Y 型切口/矩形补片主动脉环扩大术 (Y 型切口 AAE) 是密歇根大学进行主动脉环/根部扩大的首选技术,因为它简单有效。完全主动脉切开术用于首次外科主动脉瓣置换术 (SAVR),部分主动脉切开术经常用于再次外科主动脉瓣置换术。Y 型切口通过左非连合处,在主动脉环下方到左、右纤维三角处进行。将矩形补片从左纤维三角缝合到右纤维三角处,并过渡到两侧的主动脉环。用尺寸测量器的瓣膜形端对扩大的主动脉环/根部进行尺寸测量,并选择可以接触主动脉环所有三个最低点的最大尺寸,其中一个支柱朝向左右连合处。将非垫片瓣膜缝线以非外翻缝合方式放置在主动脉环上,并在补片上按内-外-内的方式缝合。首先结扎无冠状窦和左冠状窦最低点的缝线。通过后纵向主动脉切开术扩大近端升主动脉,并将补片远端修剪成三角形,以便用“Roof”技术关闭主动脉切开术。在 142 例连续病例中,使用的人工瓣膜尺寸中位数为 29,加大了 3-4 个瓣膜尺寸。结果包括一例死亡、一例中风、两例因完全性心脏传导阻滞而植入起搏器的情况(其中一例为伴有 Gerbode 瘘的主动脉瓣心内膜炎),无因术后出血而再次手术。 SAVR 术后两年主动脉瓣平均压差中值为 7 mmHg,主动脉瓣面积中值为 2.4 cm2 。中度/重度主动脉瓣狭窄患者 12-24 个月内左心室质量指数平均回落 41%。

关键词:主动脉瓣置换术(AVR);主动脉环扩大(AAE);主动脉根部扩大;主动脉瓣狭窄;小主动脉根部

提交于 2023 年 9 月 13 日。接受出版于 2023 年 10 月 24 日。2024 年 5 月 8 日在线发布。

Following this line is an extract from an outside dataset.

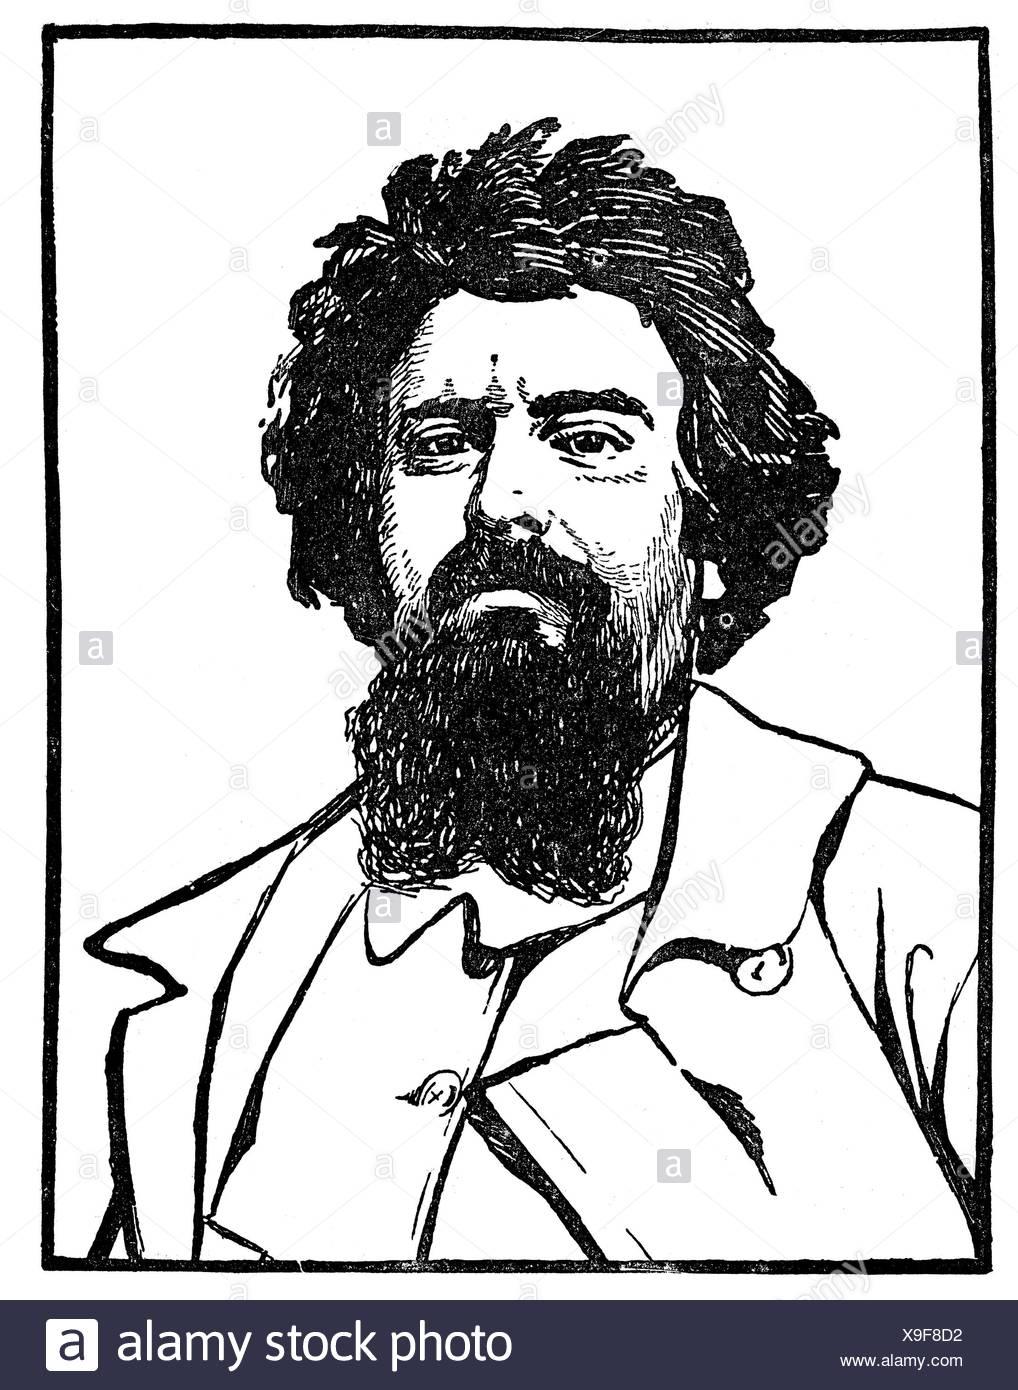 Künstler Maler Berlin segantini 15 1 1858 28 9 1899 schweizer künstler

doi: 10.21037/acs-2023-aae-0151

介绍 美国男性主动脉环平均尺寸为 23,女性为 21(1)。这就是为什么在所有临床试验和大型主动脉瓣置换术(AVR)系列中,最常用的人工主动脉瓣尺寸为 21–23。人工瓣膜尺寸的标注是基于金属框架的内径,这具有欺骗性。然而,植入后瓣尖开口(而不是金属框架)的内径比标记的瓣膜尺寸小 5–7 毫米(2)。因此,在外科主动脉瓣置换术(SAVR)中,可重复、安全且更有效的主动脉根部扩大术至关重要,以防止假体与患者不匹配(PPM)。自从我们在 2020 年开发出 Y 型切口主动脉环扩大术(AAE)以来,这项技术已被世界各地的许多机构采用,并被证明是可重复的。在密歇根大学,每台 AVR 都默认进行 AAE,AAE 发生率已上升至所有 AVR 的 50-60%(3)。自 Y 形切口发明以来,我们做了一些细微的修改(4 ),但关键步骤保持不变。本文,我们通过详细的图示讨论了 Y 形切口 AAE 的分步方法。本章是ACS本期《心胸外科大师》手术视频(4)的不可分割的补充。

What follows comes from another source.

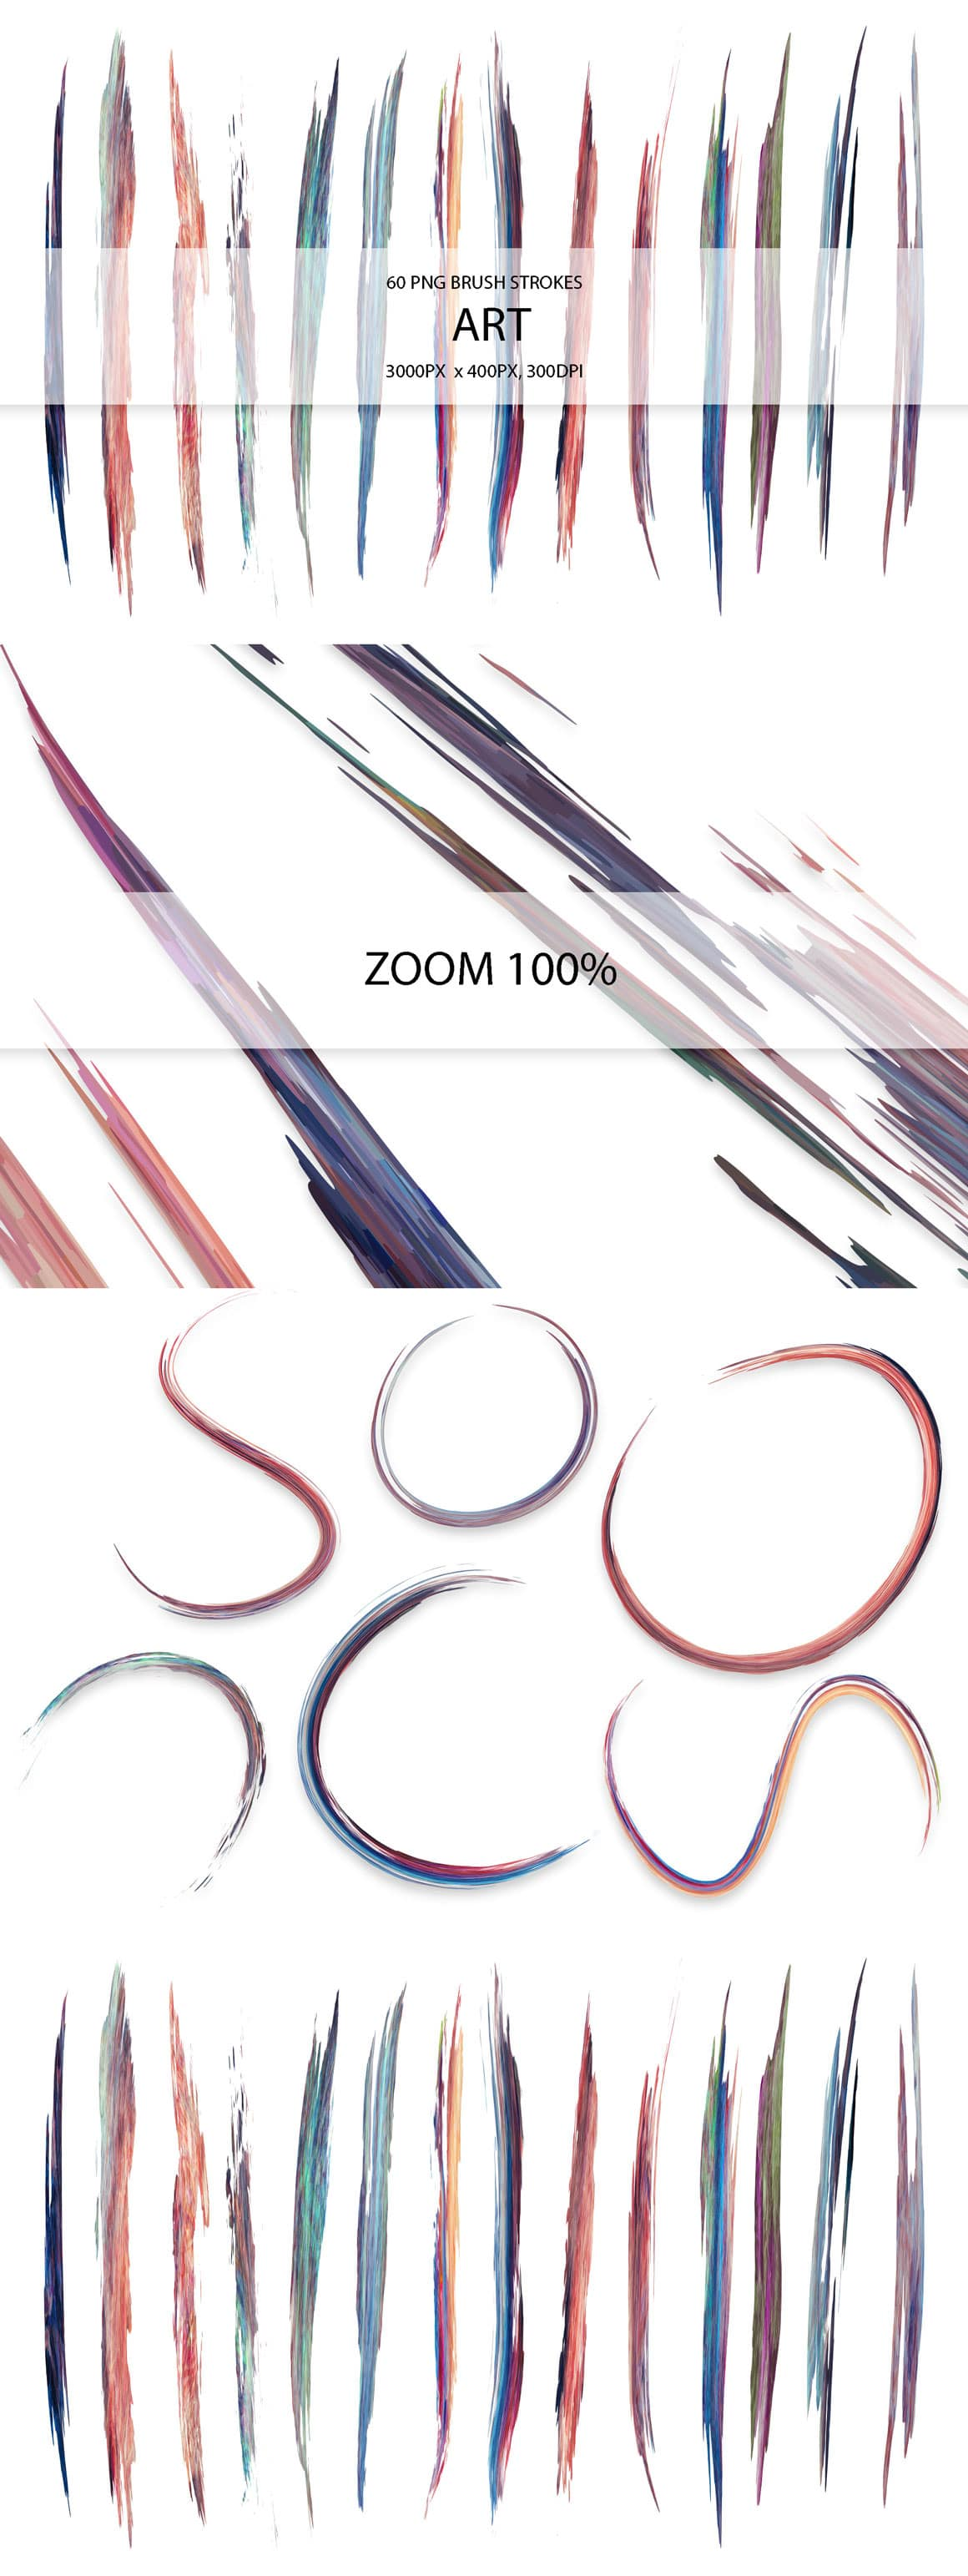 829 Acrylic Brush Strokes and Digital Brush Strokes - $9 - ArtStrokes 01 min

手术技巧 准备 我们定期为每位患者进行经胸超声心动图和左心导管检查,以评估瓣膜和心室的功能。我们计划为每位患者进行 AAE 检查,除非我们能放置最大尺寸的生物瓣膜(尺寸 29)或机械瓣膜(尺寸 27)。

展览 正中胸骨切开术,在远端升动脉弓/近端主动脉弓处置入主动脉插管。通过顺行(第一剂)和随后每 20 分钟一次的逆行 Buckberg 心脏停搏液实现心肌保护。在右心室前表面涂抹冰浆以维持心肌温度低于 10 ℃。我们将体温冷却至 34 ℃ 以进行独立 AVR。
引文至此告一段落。